As children, we want more than anything for our parents to love us and accept us. We simply want to be enough and to be a part of the pack. Unfortunately, when you have a parent who is always criticizing everything you do, making you feel as though no matter what you do, it is never enough, it can leave a lasting impact on your psyche. At the very least- it can change how you view yourself and even the world around you.

Here are 10 signs you were raised by a highly critical parent.

1. You are always apologizing.

When you grow up with an overly critical parent, you may find that your first instinct is to apologize. Even if you have done nothing wrong, you have likely been apologizing for so long for so many things that it just seems like that is what everyone expects of you.

2. You do not trust yourself.

Those who grew up under constant scrutiny will have a hard time trusting in themselves. You will always have a little nagging voice pop up in your mind telling you that you aren’t smart enough, or that you are capable enough.

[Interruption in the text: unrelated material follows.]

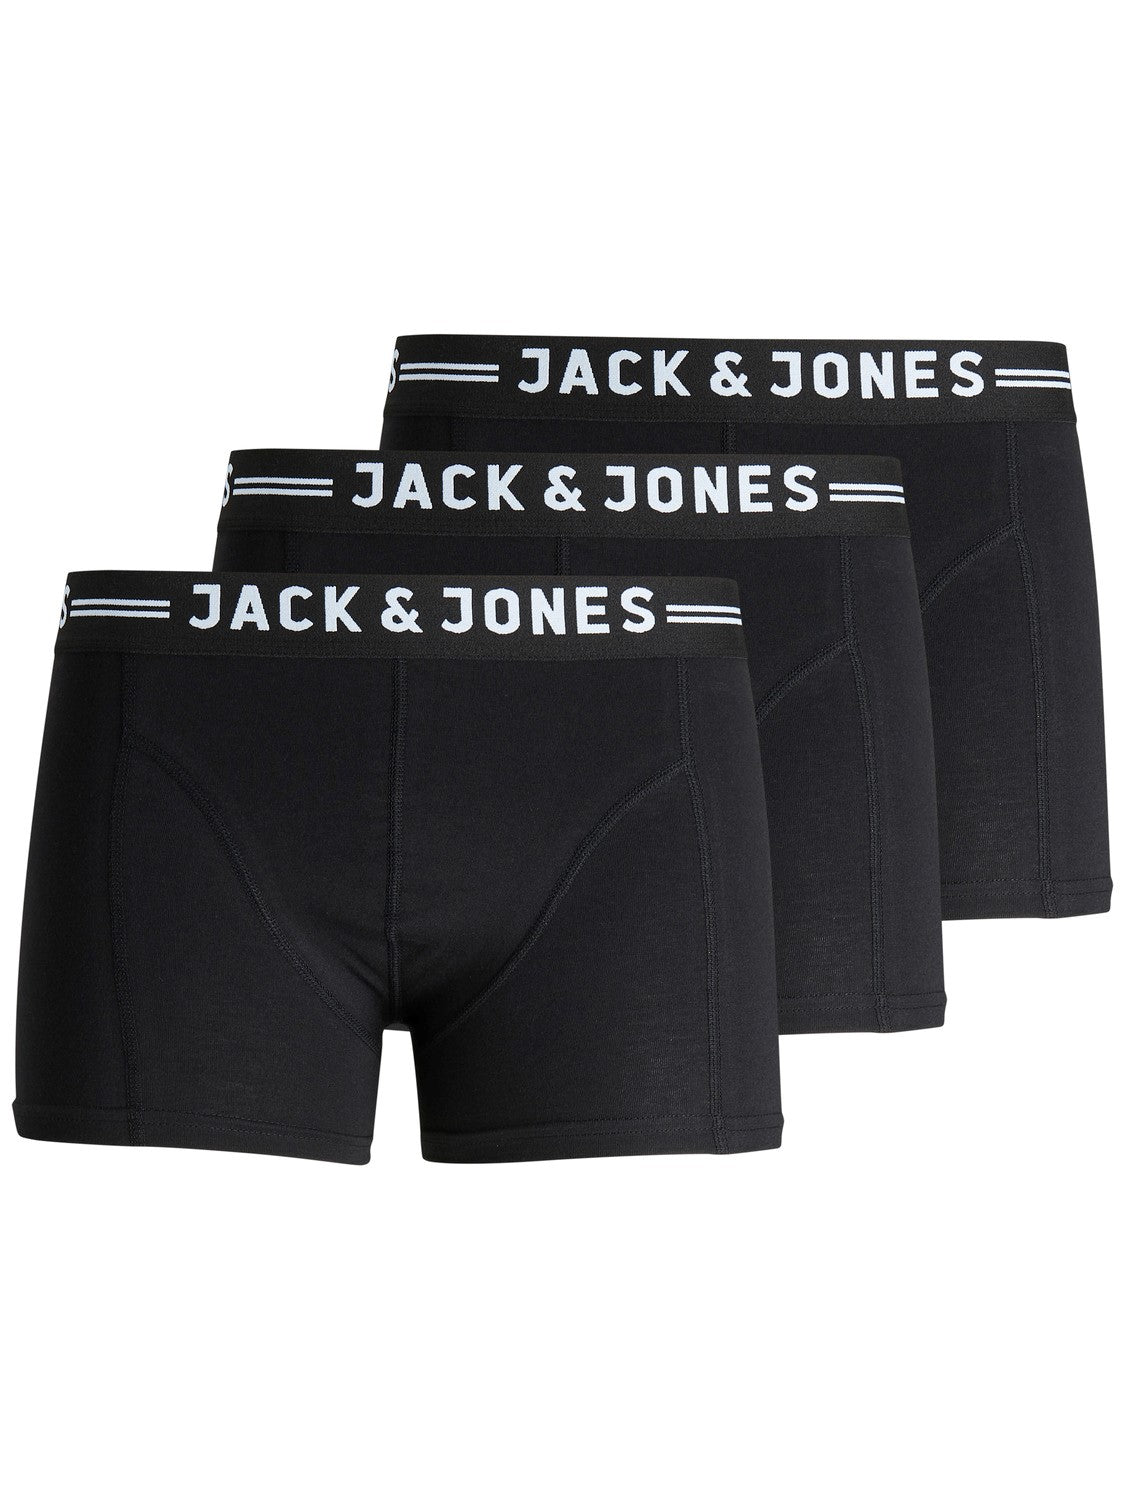 Se Jack & Jones - SENSE TIGHTS SORT hos Shop19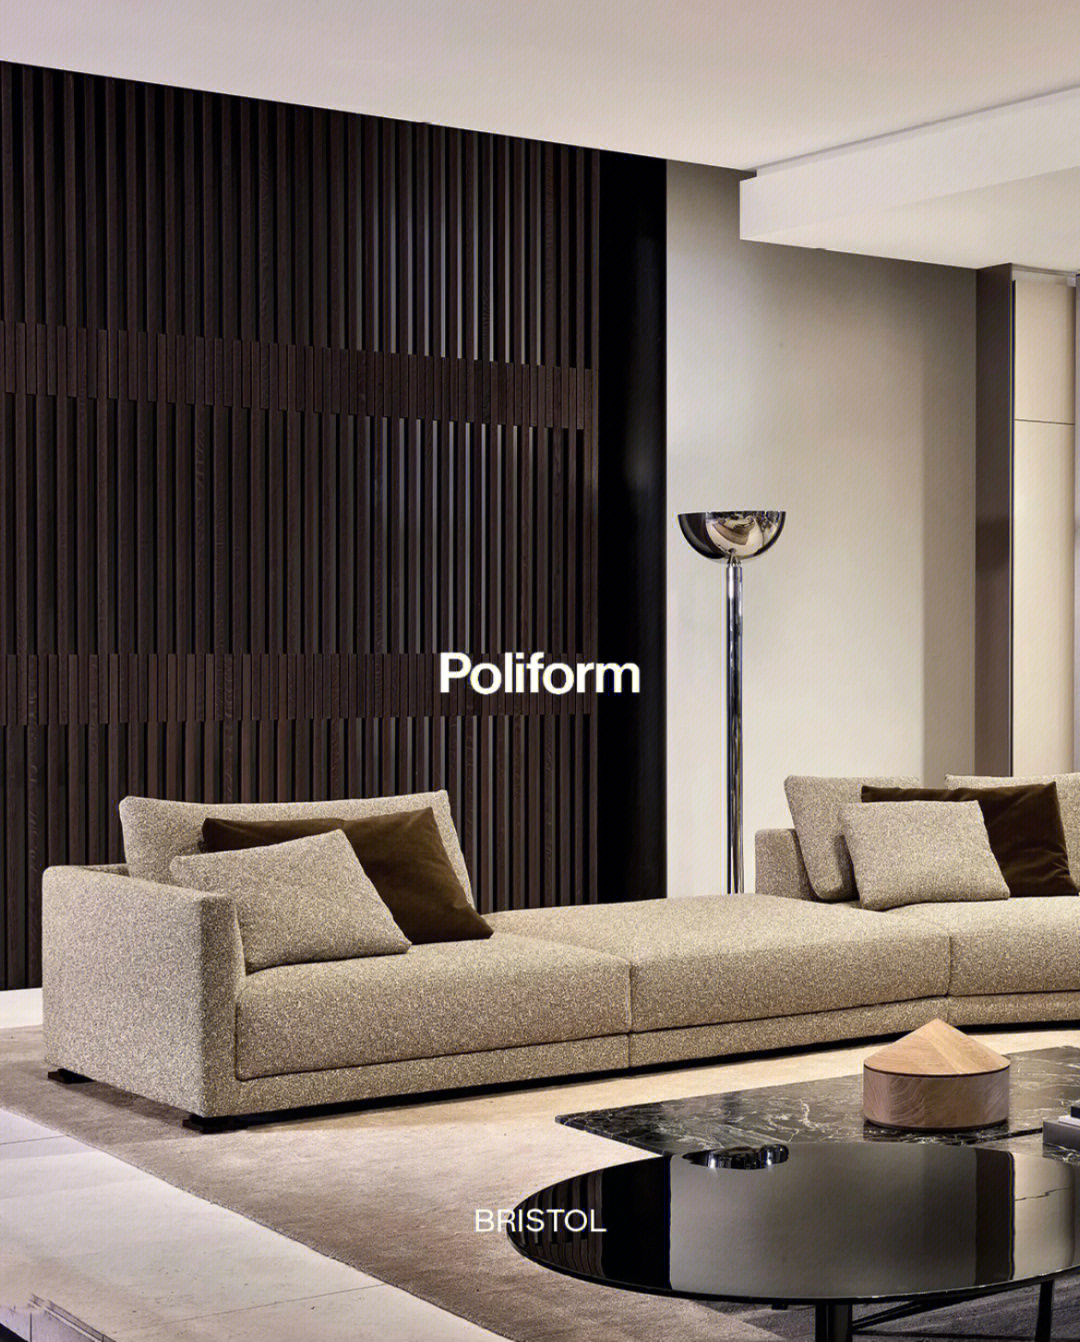 poliform丨bristol沙发重塑升级

3. You avoid risks at all costs.

When we are growing up, our self-esteem is developed when we feel competent and as though we are capable. Unfortunately, a critical parent will not make you feel as though you are competent. Instead, you will feel like you aren’t capable of much of anything, which can make it hard to believe in yourself enough to take risks.

4. Mistakes leave you shattered.

Highly critical parents make a huge deal out of the simplest mistakes. Even though everyone makes them (most certainly your highly-critical parent) you will be made to feel like every mistake you make defines you in a bad way. Due to this, even the simplest mistake will leave you feeling like a huge failure.

5. You are a perfectionist.

Perfectionism is a byproduct of being raised by overly critical parents. After so many times of being reprimanded, belittled, and torn apart, you will develop a coping mechanism to try to make everything perfect. Unfortunately, this will not serve you because A. perfection doesn’t exist, and B. nothing will ever be enough for someone who is as unhappy as an overly critical person.

6. You feel defensive a lot.

When you grow up under constant scrutiny, it can make you feel defensive. You will want to stand up for yourself, however, at times, you may feel like you are under attack by others (like you were with your parent) even when you are not.

7. You never feel like others like you.

It can be hard to trust whether anyone likes you when you were made to feel worthless your whole life. A critical parent will do just that: make you feel worthless. Due to this, you may always only see the worst in yourself. The thing is- we are ALWAYS much harder on ourselves than the people who truly care about us are.

8. Social situations make you anxious.

Having an overly critical inner voice as a result of having an overly critical parent can make social situations terrifying. You may always doubt how you came across, and feel as though you’ve done something wrong.

9. Your inner critic is cruel.

Our parent’s dialogue with us becomes our inner voice. If your parents were overly critical, chances are, so will you.

10. You are a major overthinker.

Overthinking is another by-product of constant criticism growing up. What happens, is that the child will create a coping skill to think everything through from a million angles to not disappoint their parent.